Тридцать семь мне натикало в июне, а в сентябре, едва устроившись на новую работу, я загремела в стационар на биопсию. В диагнозе была записана лимфома под вопросом, то есть лишь подозрение. Началась вся эта катавасия, как и следовало ожидать, чуть раньше, в августе, когда во время проведения ультразвукового исследования у меня неожиданно обнаружили увеличение шейных лимфоузлов. На обследование в поликлинику онкологического диспансера я пришла в полной уверенности, что мне нужно исключить рак, именно исключить, а не подтвердить, диагностировать или что там еще. Какого рожна, в самом-то деле? Младшему моему сыну было четыре, дочь – ученица пятого класса, а мама вот уже три года жила в состоянии постоперационного коматоза. После того как у нее обнаружили рак груди, она с первых же дней замерла в ужасе, да так и не встряхнулась.

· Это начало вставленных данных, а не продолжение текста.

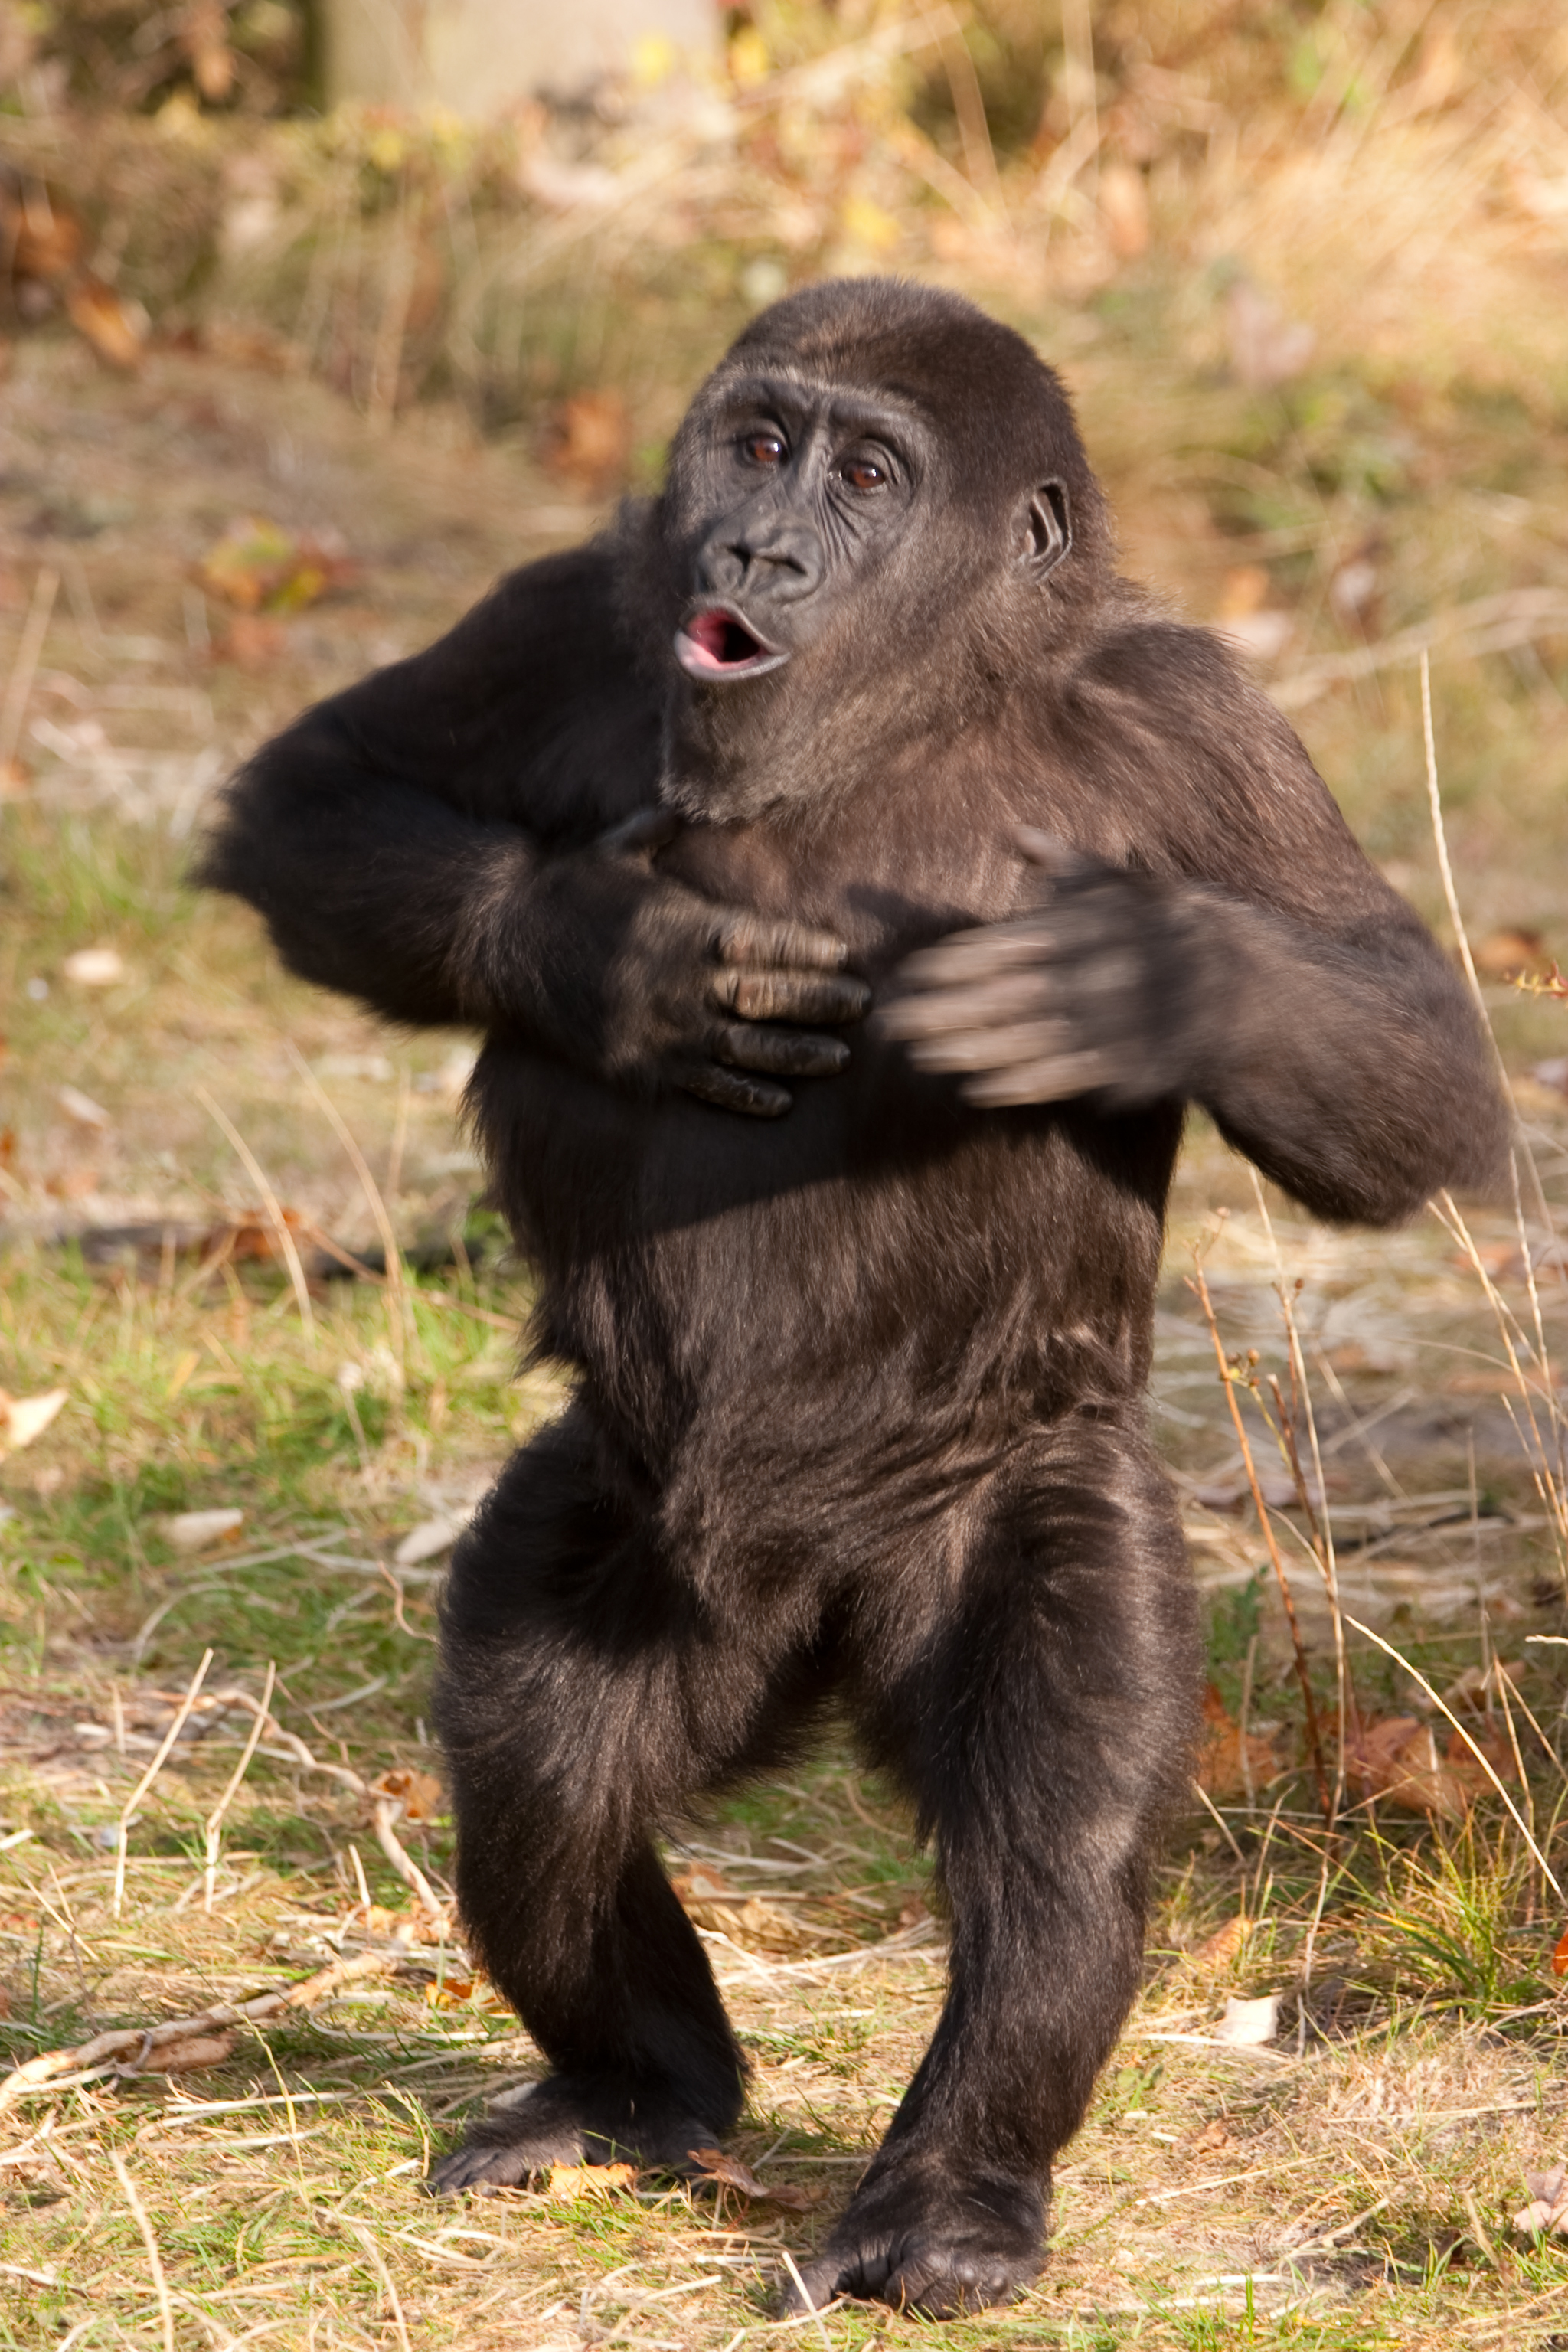 フリー画像 動物写真 哺乳類 猿 サル ゴリラ 子猿 フリー素材 画像素材なら 無料 フリー写真素材のフリーフォト
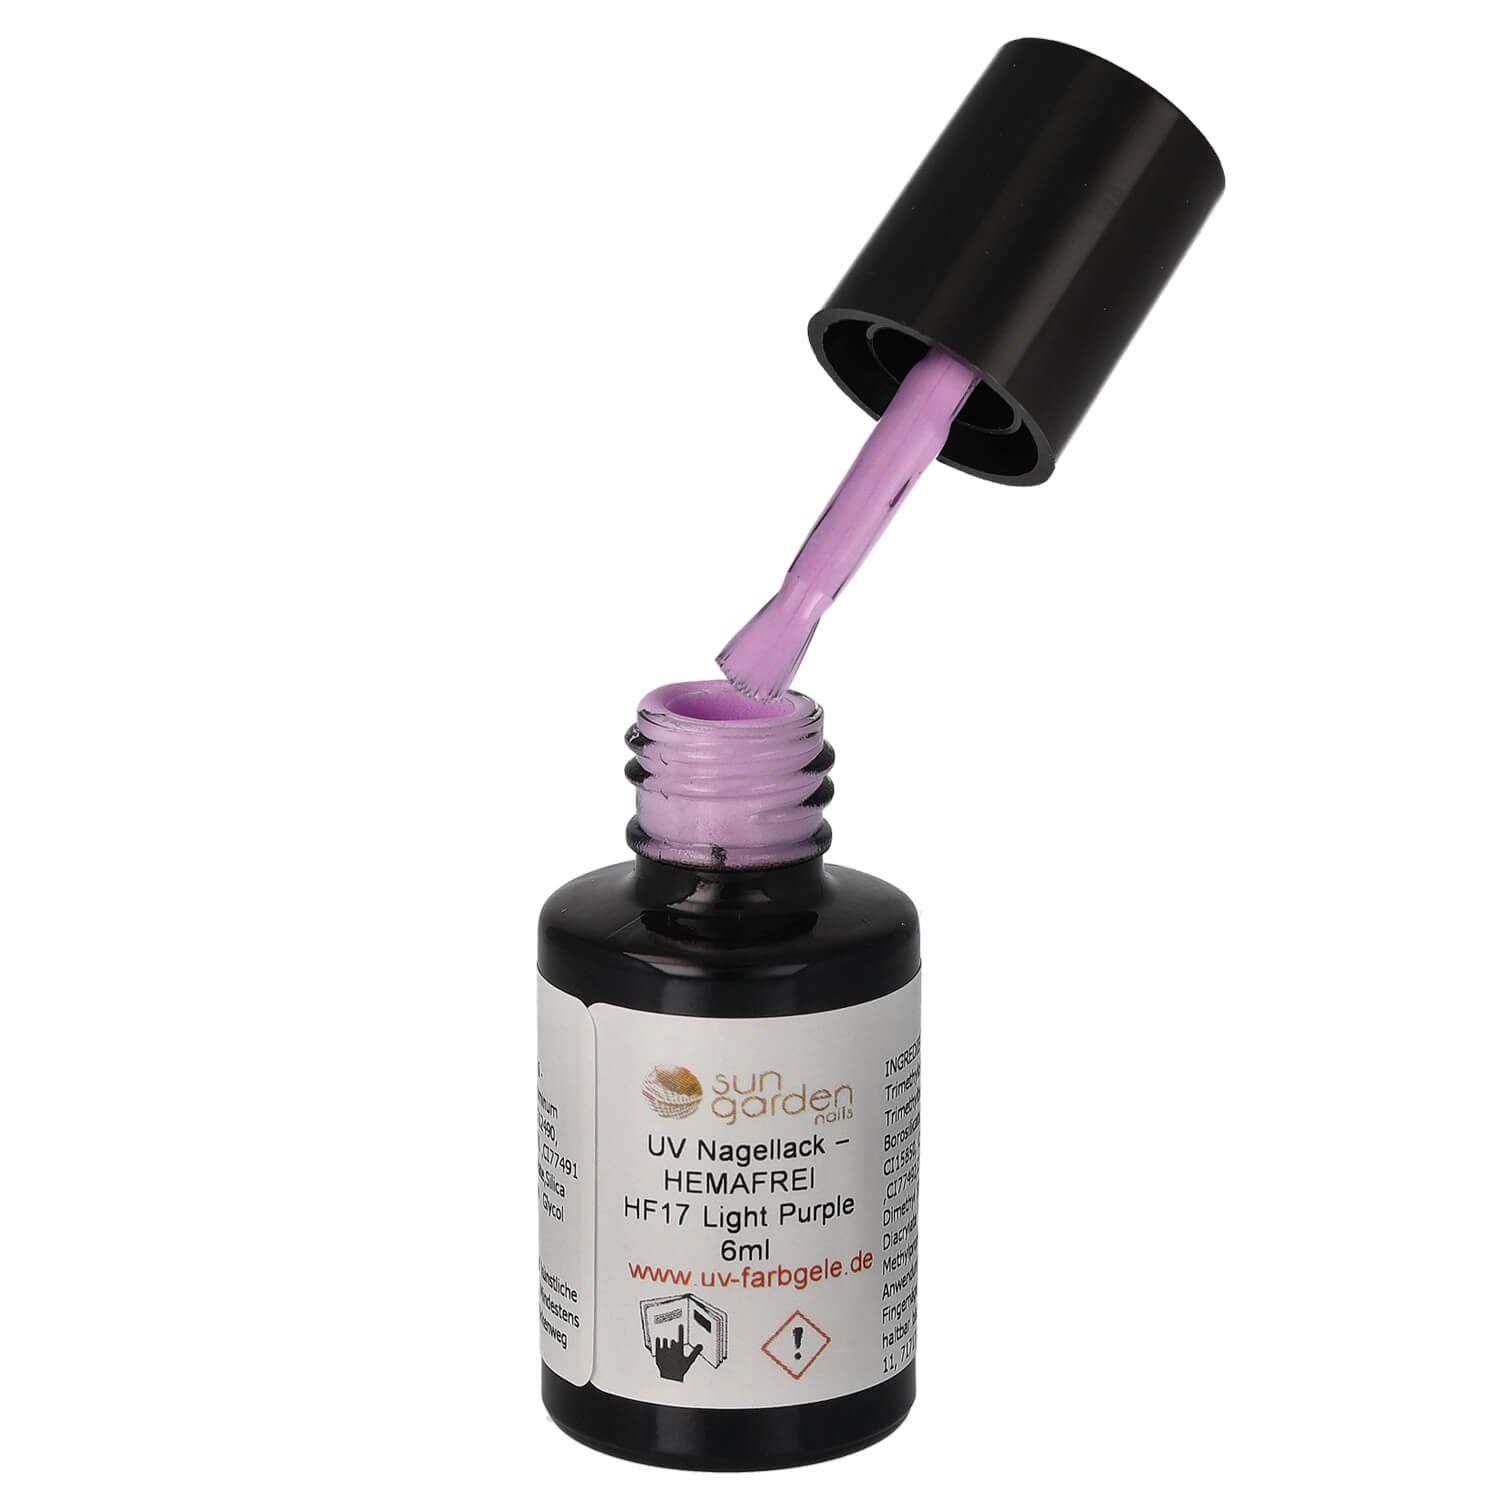 Sun – Purple UV HEMAFREI Nagellack Light Nagellack HF17 - 6ml Garden Nails

Шестая палата жила дружно, я бы даже сказала, на жизнеутверждающий манер. Медсестры нас хвалили и за глаза, и в глаза. Когда наши дорогие сельские педагогини выписались, к нам перевели Любу из другой палаты, обнадежив ее, что в шестой «девочки хорошие, веселые» и надо переходить. Причиной тому, что у нашей гоп-компании оказалась столь благонадёжная репутация, было отсутствие больных с подтвержденным онкологическим диагнозом. Мы обживали свои койки в ожидании результатов гистологии. Вопрос вопросов: доброкачественная или злокачественная? Но этот вопрос обитал вроде как сам по себе, до дня икс был заперт в тумбочки вместе с яблоками, а мы пока жили себе и жили, бесконечно болтая о больничной и домашней еде и приятных мелочах.

Четыре соглашения

Первое мощное воспоминание из моей новой жизни было такое. Маленькая субтильная женщина в джинсиках и с лицом алкоголички стояла у входа в краевой онкологический диспансер и выла в голос, задрав голову к небу. Что она искала там, наверху, какой справедливости алкала? В другой ситуации я бы, наверное, чиркнула по ней взглядом и быстрее отвела глаза. Но мой день не задался, и я с горечью рассматривала ее. А потом запихнула руки в карманы своих джинсов и, сгорбившись, пошагала на трамвайную остановку. Там, отойдя в сторонку и отвернувшись, я тихо хлюпала носом, глядя в землю, все так же держа руки в карманах. Слезы мои были женскими, а поза мужской, потому что мне нужно было укрепиться. Впереди меня ждала борьба, и я это очень хорошо понимала.

Августовский денек был хорош, тёпел и ярок, осень приближалась. И теперь надо было как-то переварить вероятность того, что у меня рак.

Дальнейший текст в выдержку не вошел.